More than 100 different mediators are now recognized to be involved in asthma and to mediate the complex inflammatory response in the airways. Chemokines are expressed mainly in airway epithelial cells and are important in the recruitment of inflammatory cells into the airways. Eotaxin is relatively selective for eosinophils, whereas macrophage-derived chemokines (MDCs) recruit TH2 cells.
Cytokines such as IL-1β and TNF-α, which amplify the inflammatory response, and granulocyte-macrophage colony-stimulating factor (GM-CSF), which prolongs eosinophil survival in the airways, orchestrate the inflammatory response in asthma and determine its severity. TH2-derived cytokines include IL-5, which is required for eosinophil differentiation and survival; IL-4, which is important for TH2 cell differentiation; and IL-13, needed for IgE formation.
Cysteinyl leukotrienes are potent bronchoconstrictors that act as proinflammatory mediators mainly derived from mast cells and eosinophils. Their inhibition has been associated with an improvement in lung function and asthma symptoms.
Nitric oxide (NO) has been associated with the presence of eosinophilic inflammation in asthma. It is produced predominantly from the action of inducible nitric oxide synthase (iNOS) in airway epithelial cells. Exhaled NO concentration is increasingly being used to diagnose asthma in the context of a compatible clinical history and to monitor the effectiveness of asthma treatment.

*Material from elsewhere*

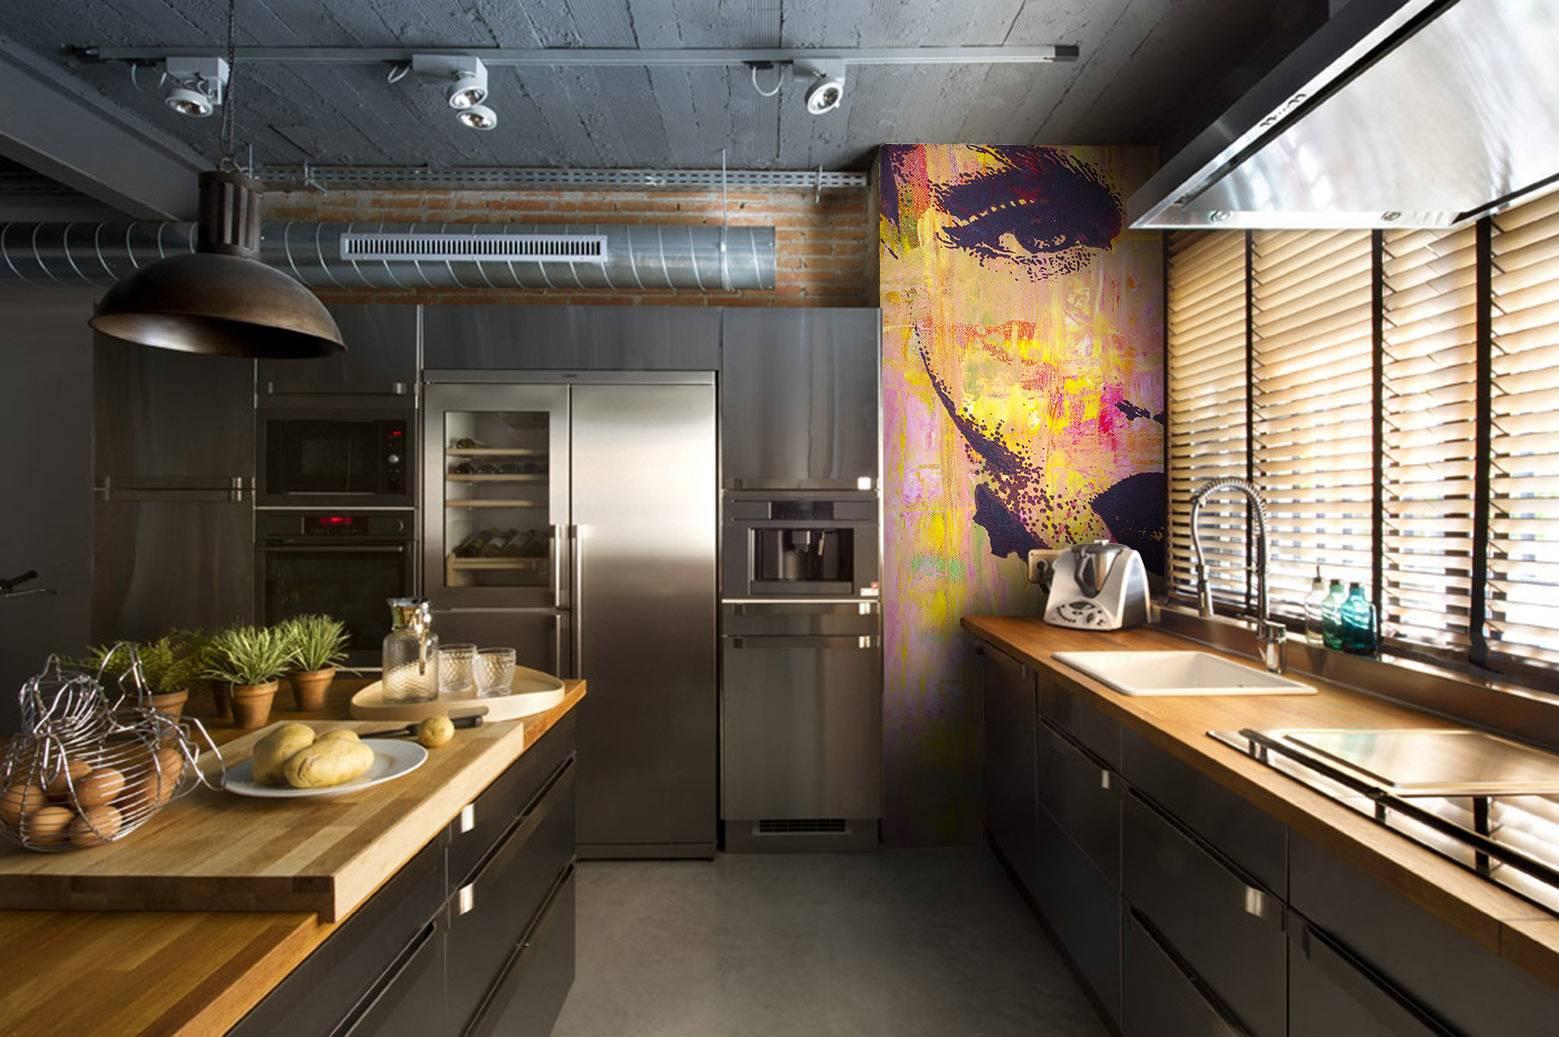 інтер'єр кухні в стилі лофт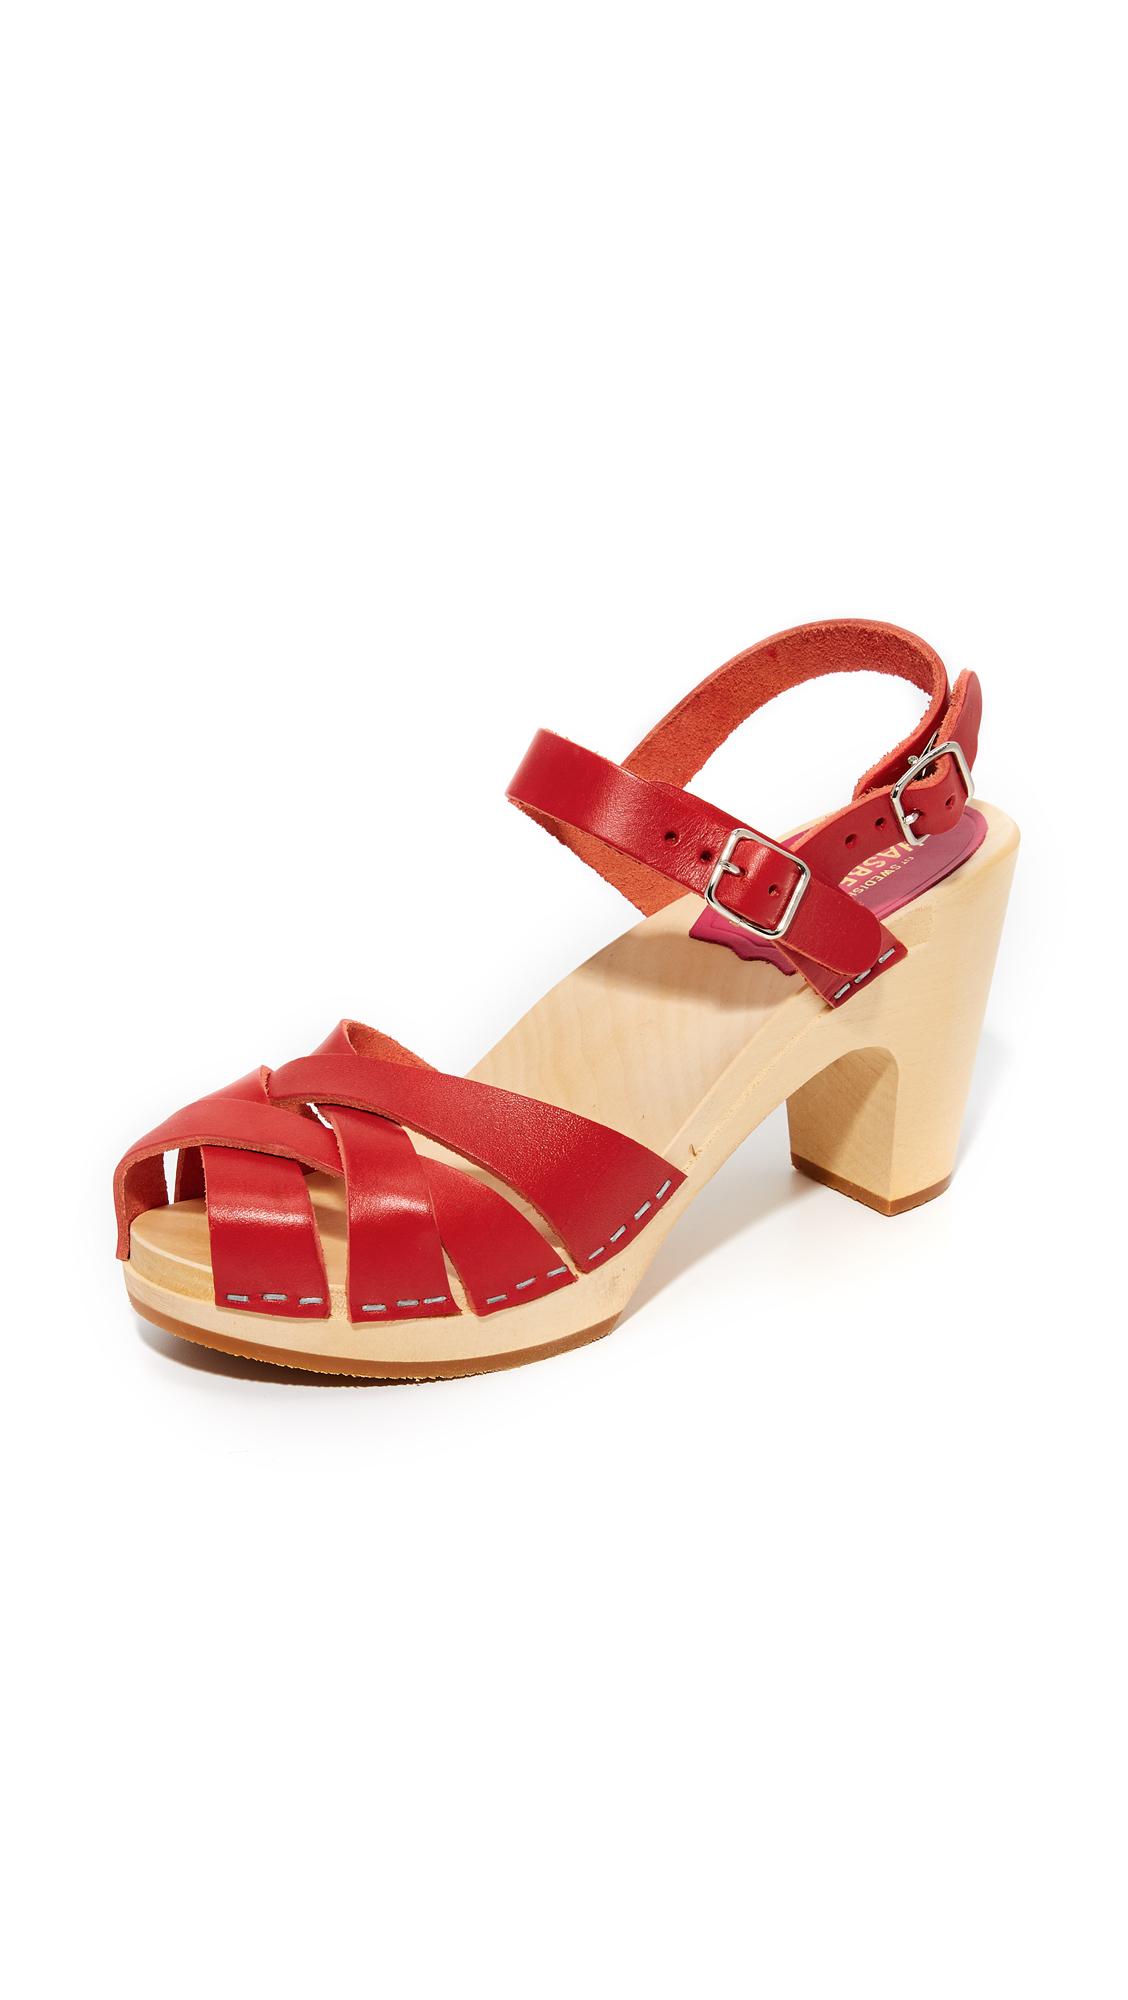 Swedish Hasbeens Katja Sandals - Red

Airway narrowing is the final common pathway leading to symptoms and physiologic changes in asthma. As discussed next, several factors contribute to the development of airway narrowing in asthma (Figure 38-6).
Figure 38-6 Pathobiology of asthma.
(From Barnes PJ: New drugs for asthma, Nat Rev Drug Discov 3:831–844, 2004.)
Bronchoconstriction is an abnormal contraction of airway smooth muscle that was presumed to be due to an intrinsic abnormality in the airway myocytes. Nervous system dysfunction with cholinergic and/or tachykinin excess also was proposed as an important pathogenic process. Autonomic dysfunction decreases in response to β-agonist and increases in response to α-agonist activity.